PROBLEM DETAILS:
Please give the whole listing again exactly, without any of its pictures.

RAW DATA:
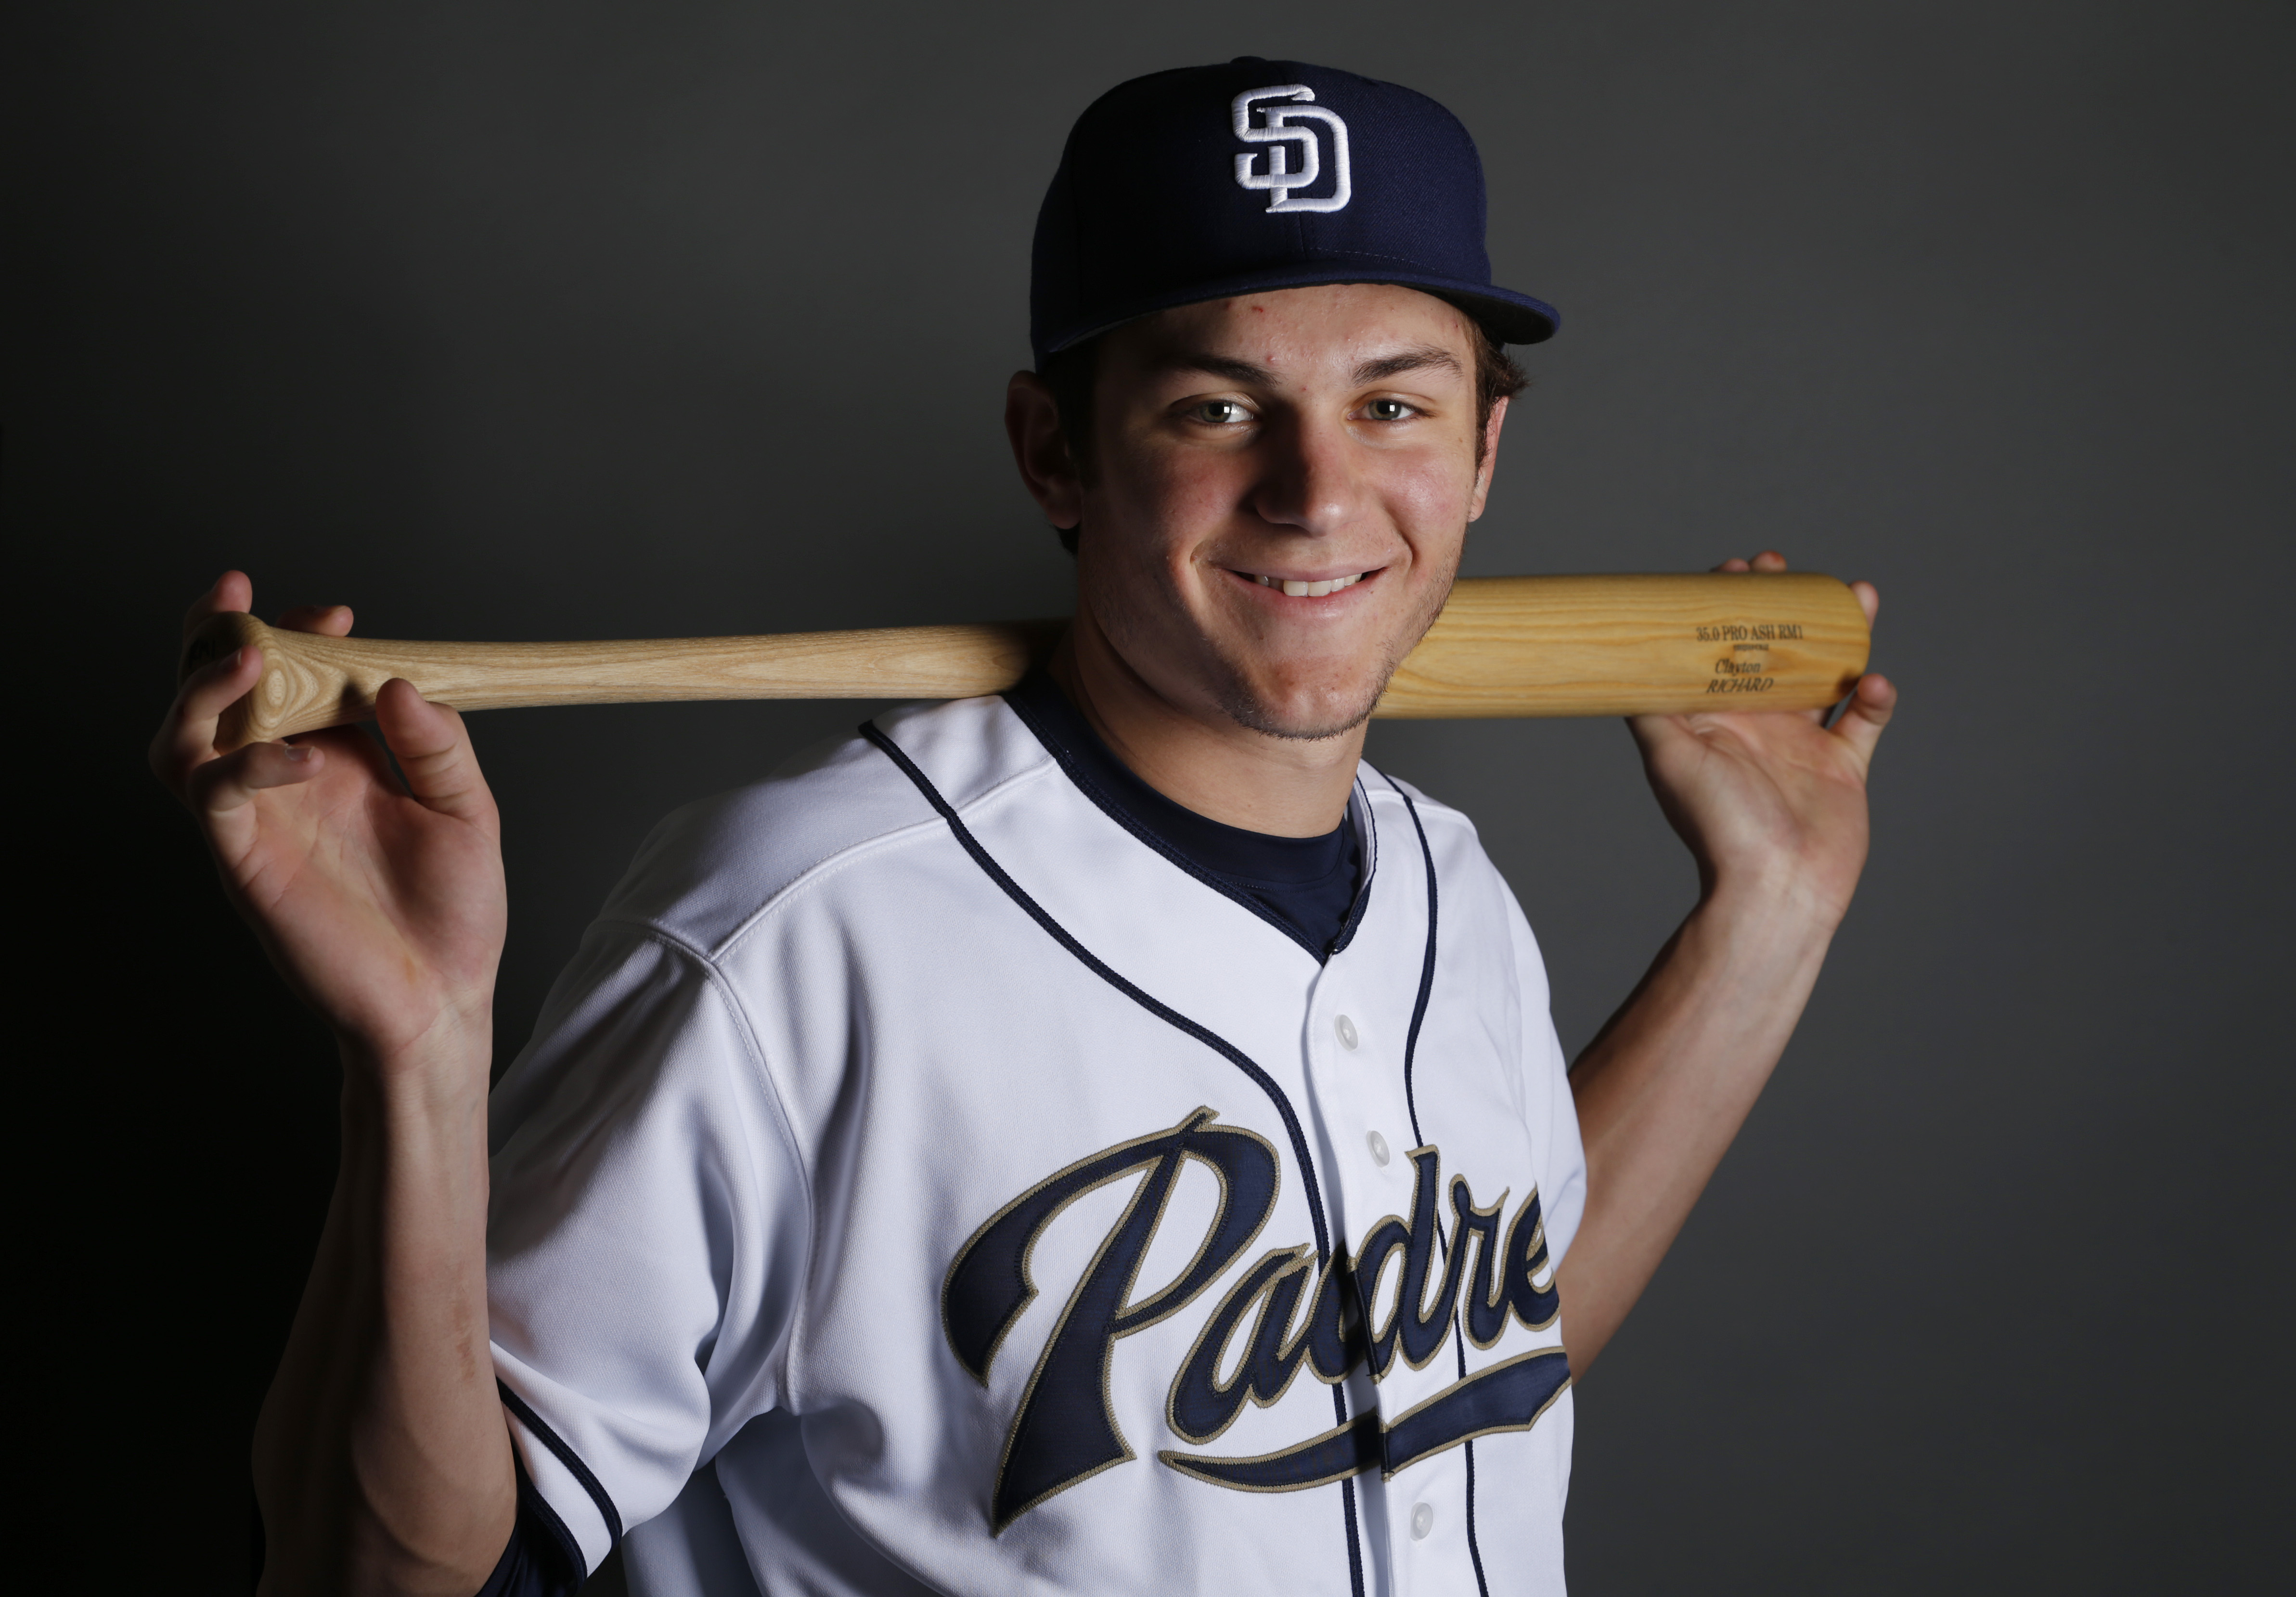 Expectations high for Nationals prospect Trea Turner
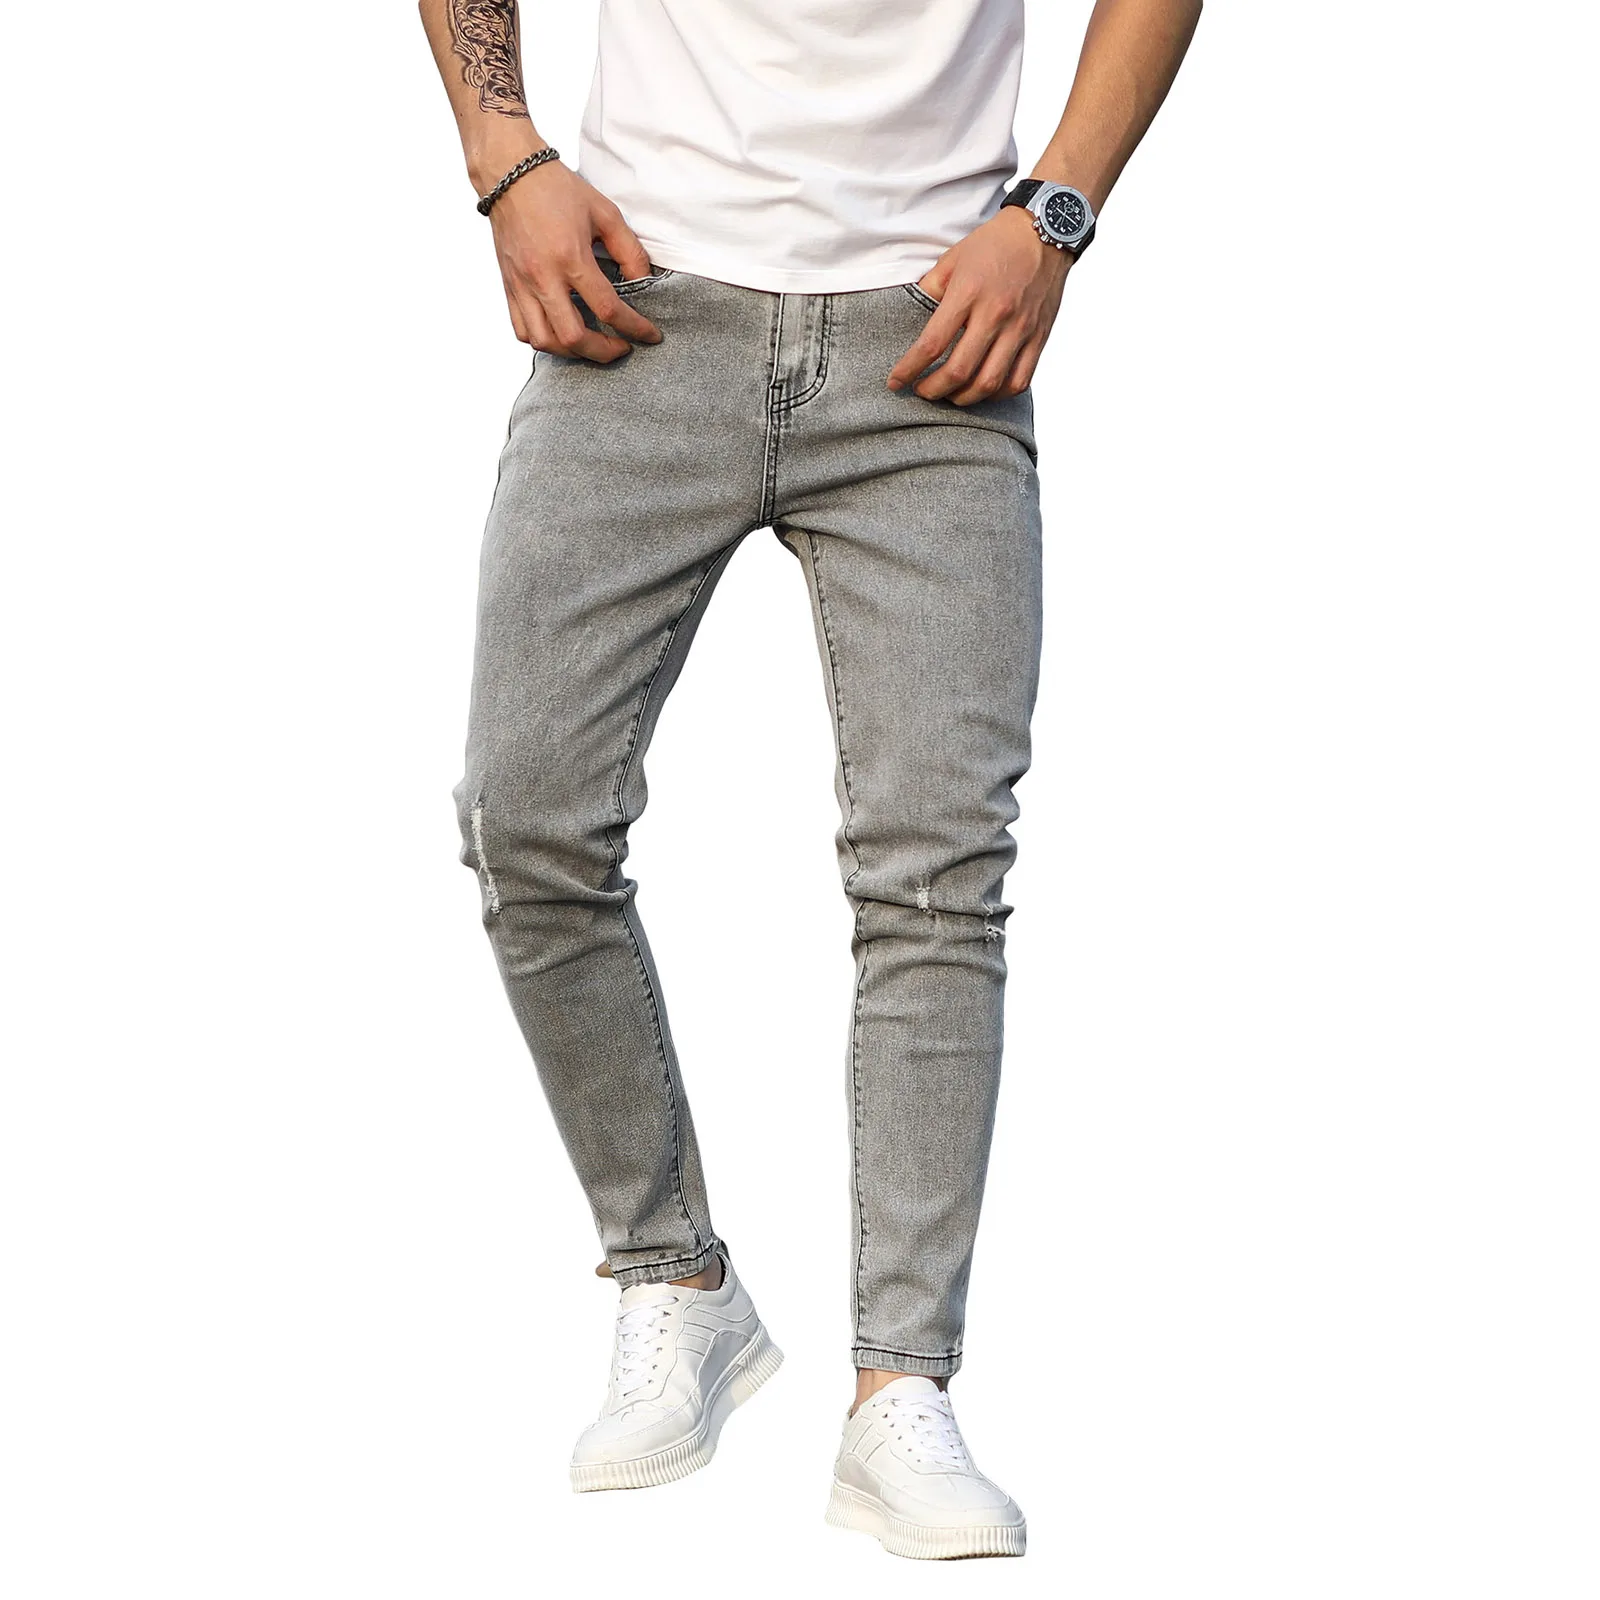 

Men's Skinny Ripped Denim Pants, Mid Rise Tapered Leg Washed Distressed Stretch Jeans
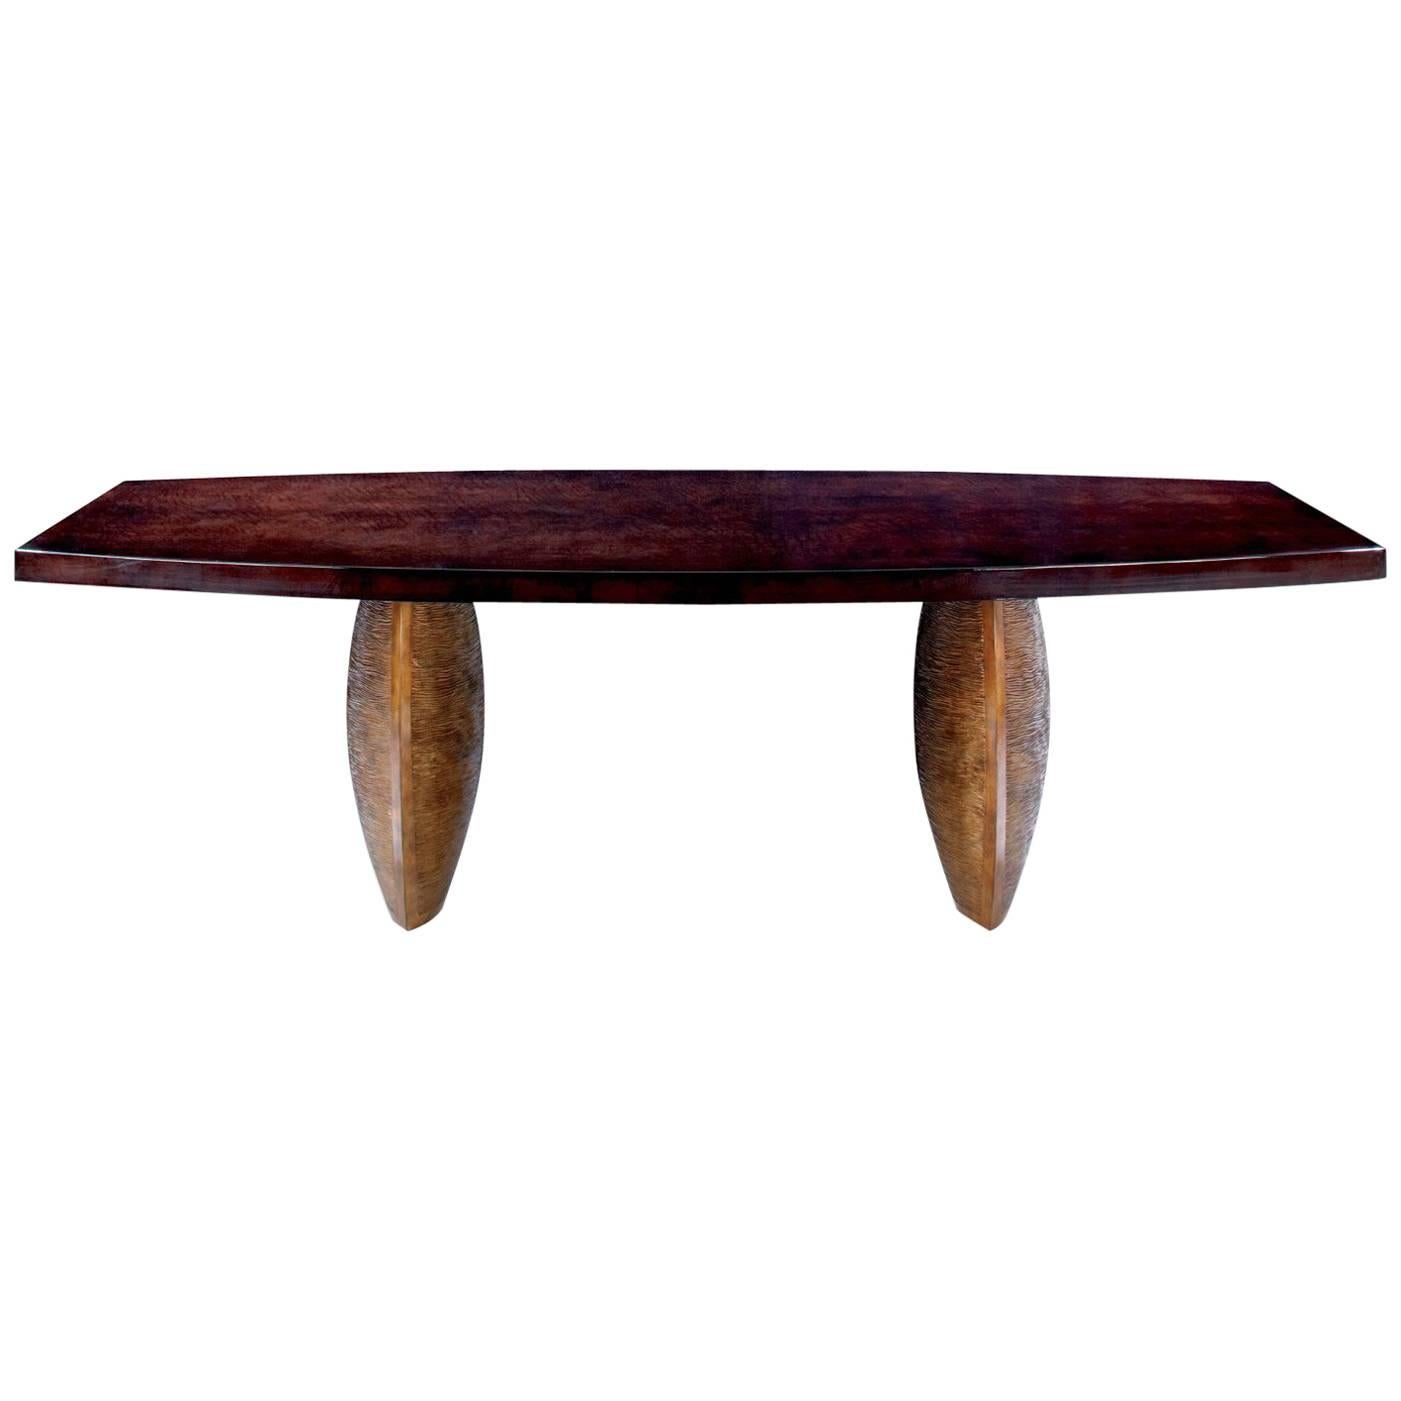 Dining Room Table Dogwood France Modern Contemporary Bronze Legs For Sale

SOLUTION TO THIS PROBLEM:
 Expectations high for Nationals prospect Trea Turner

Men's Skinny Ripped Denim Pants, Mid Rise Tapered Leg Washed Distressed Stretch Jeans
 Dining Room Table Dogwood France Modern Contemporary Bronze Legs For Sale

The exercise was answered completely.